Material provided: Begin
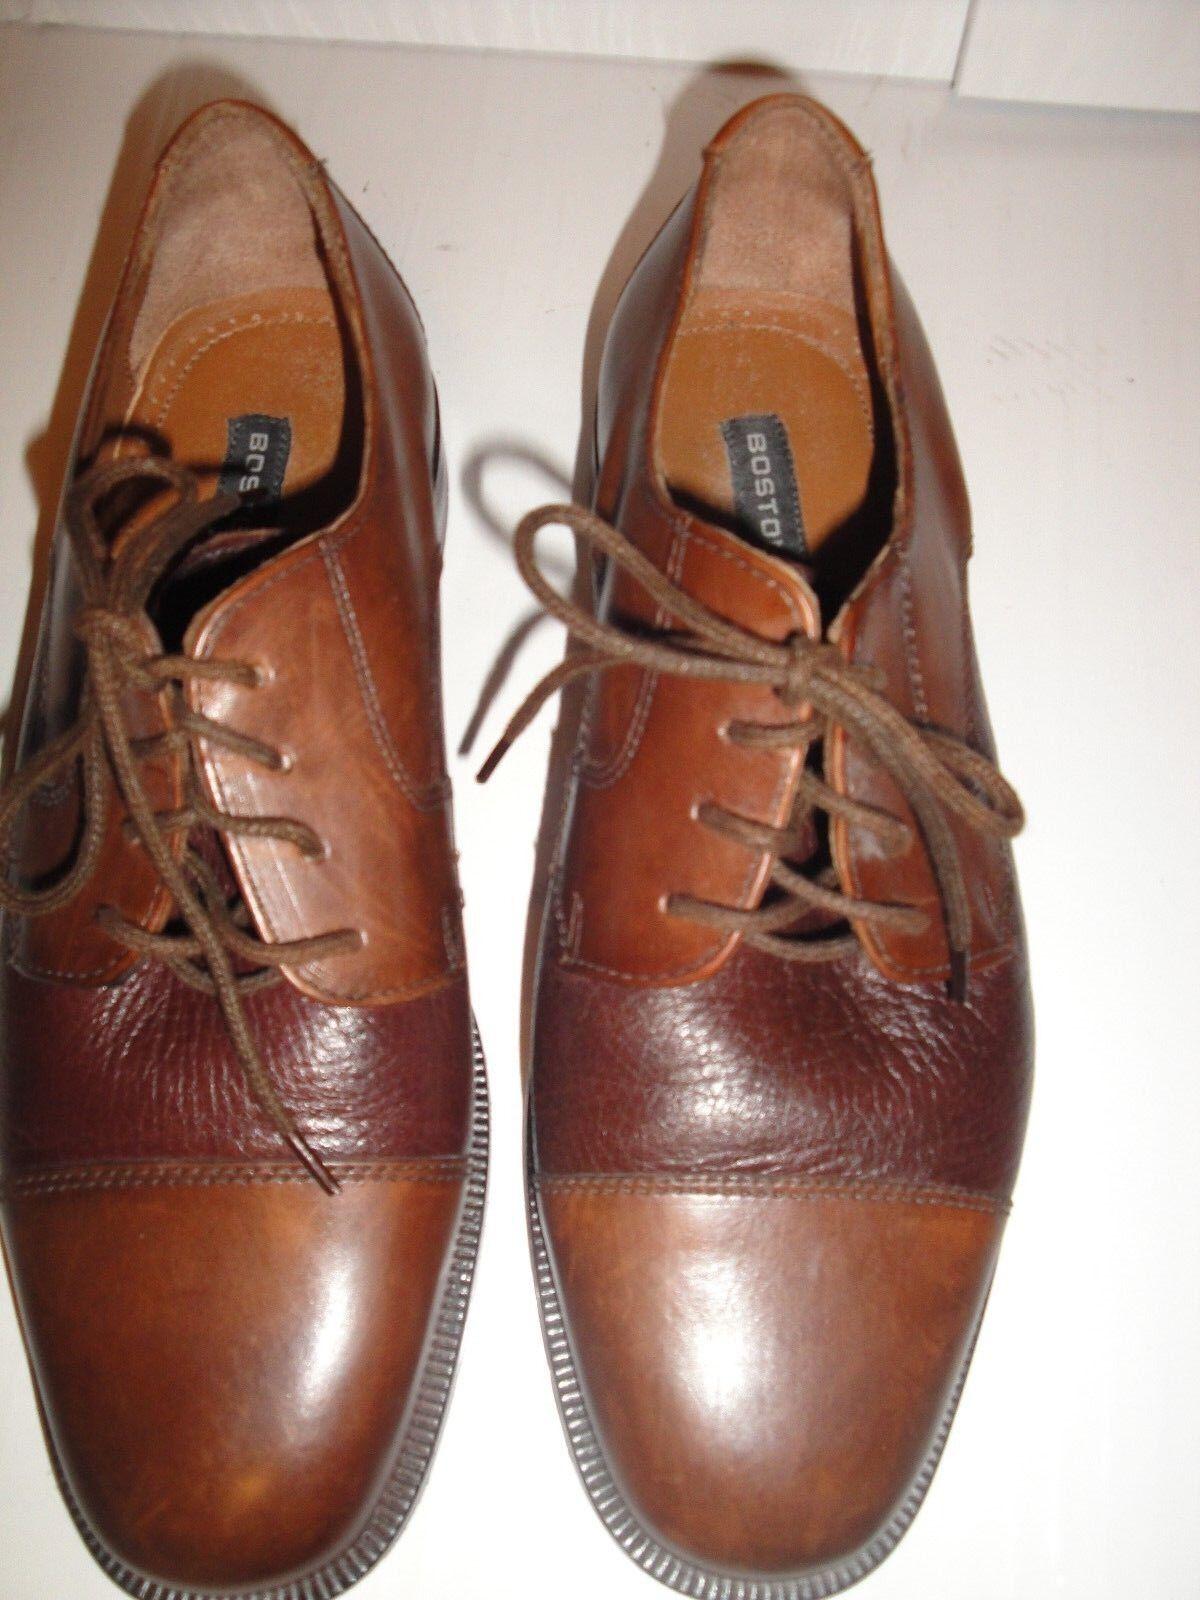 Bostonian Men's Brown Leather Oxfords shoes Size 7M
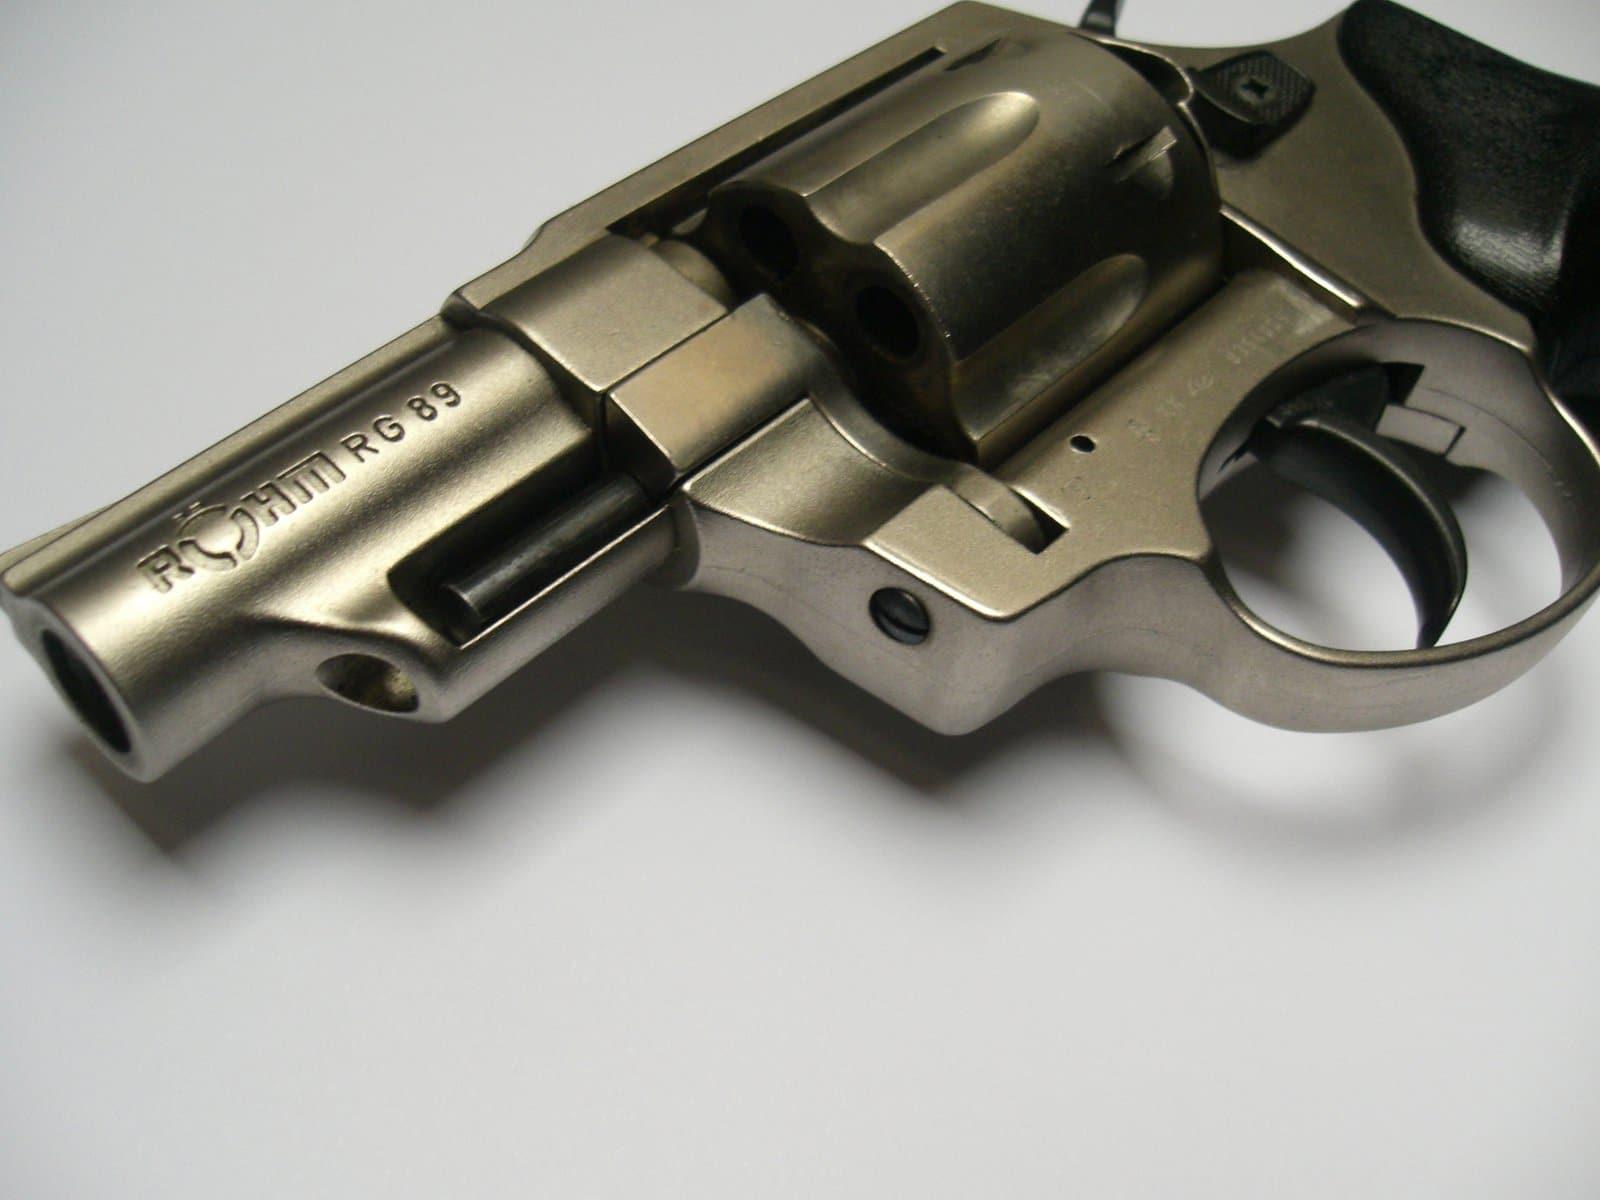 pistol-1425591
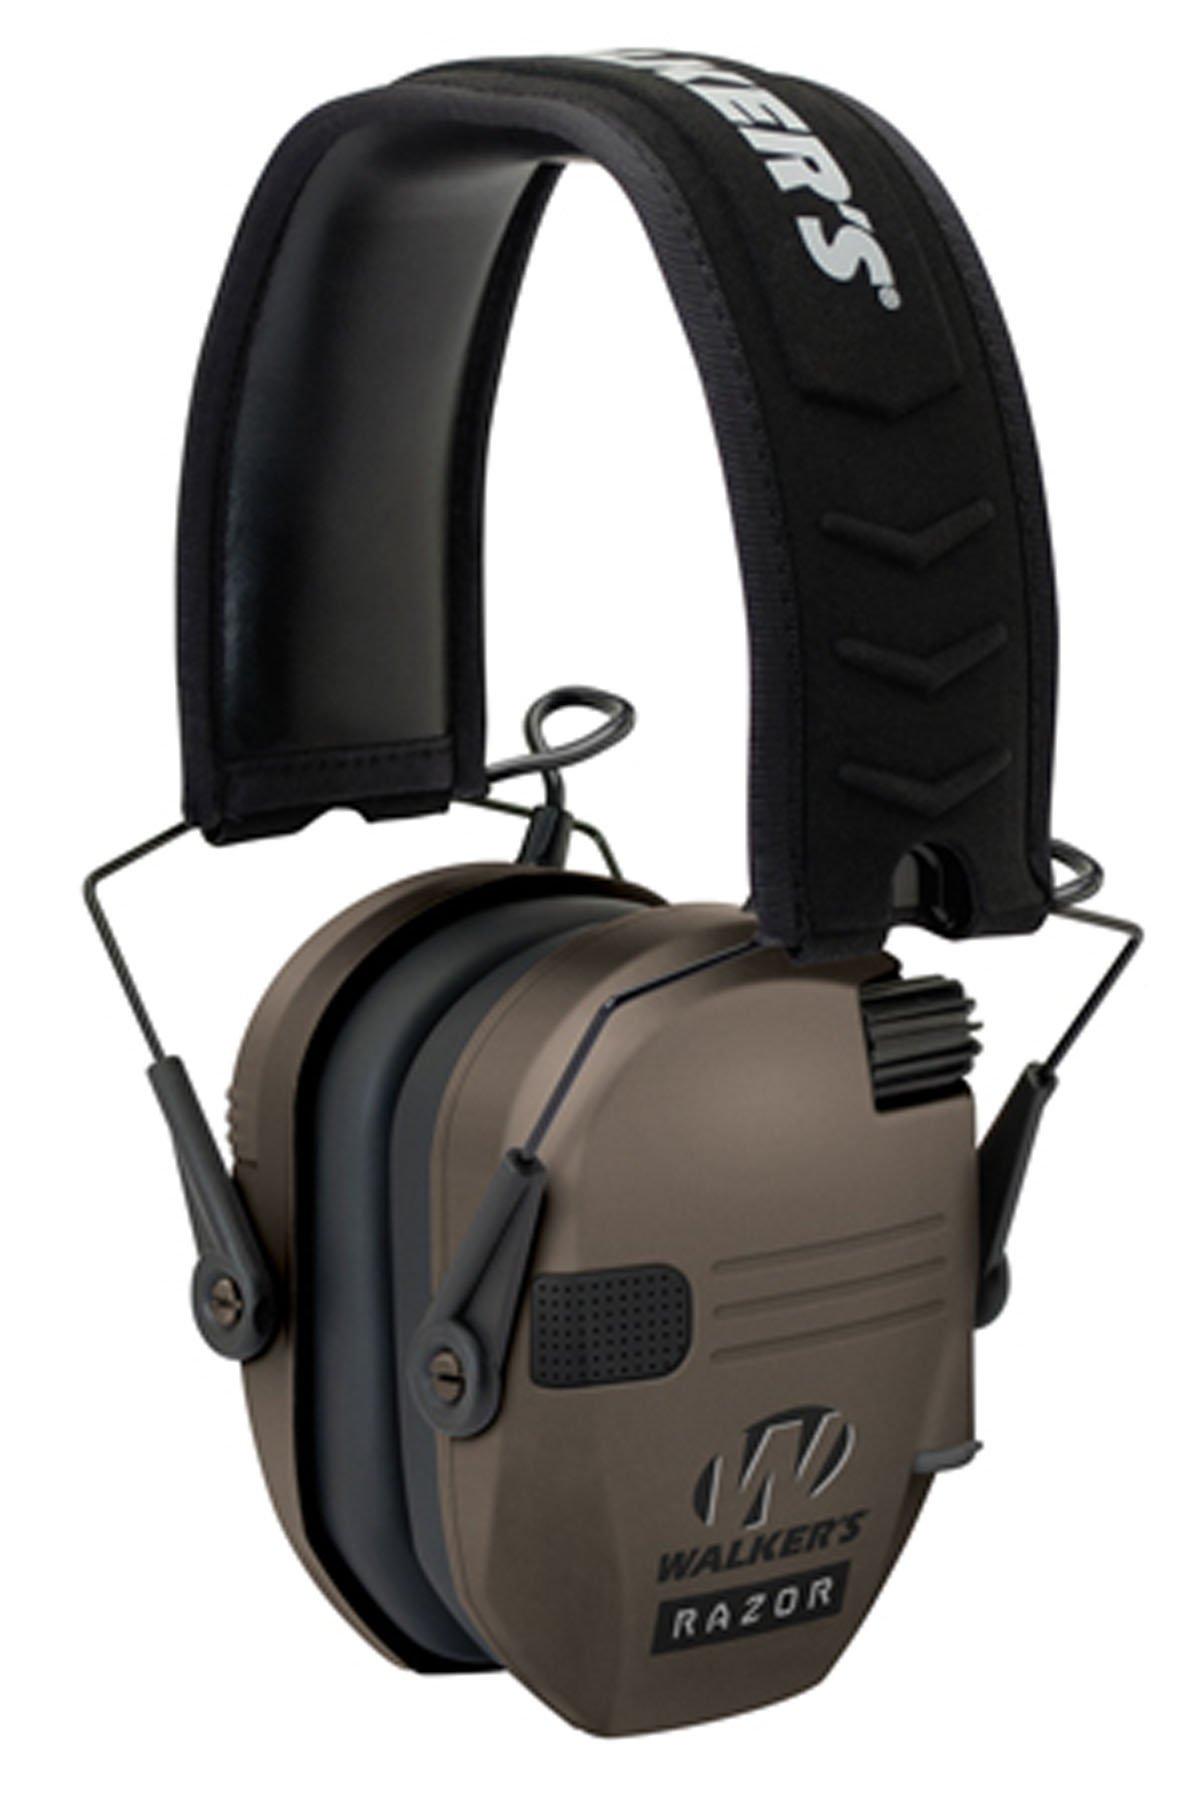 wlk Walkers Game Ear Razor Slim Shooter Folding Earmuff 23 dB Flat Dark Earth
Material provided: End
* _What you are asked to do_
Every line of the listing should be copied precisely, with images omitted.

* _Output of the exercise_
 Bostonian Men's Brown Leather Oxfords shoes Size 7M
 pistol-1425591
 wlk Walkers Game Ear Razor Slim Shooter Folding Earmuff 23 dB Flat Dark Earth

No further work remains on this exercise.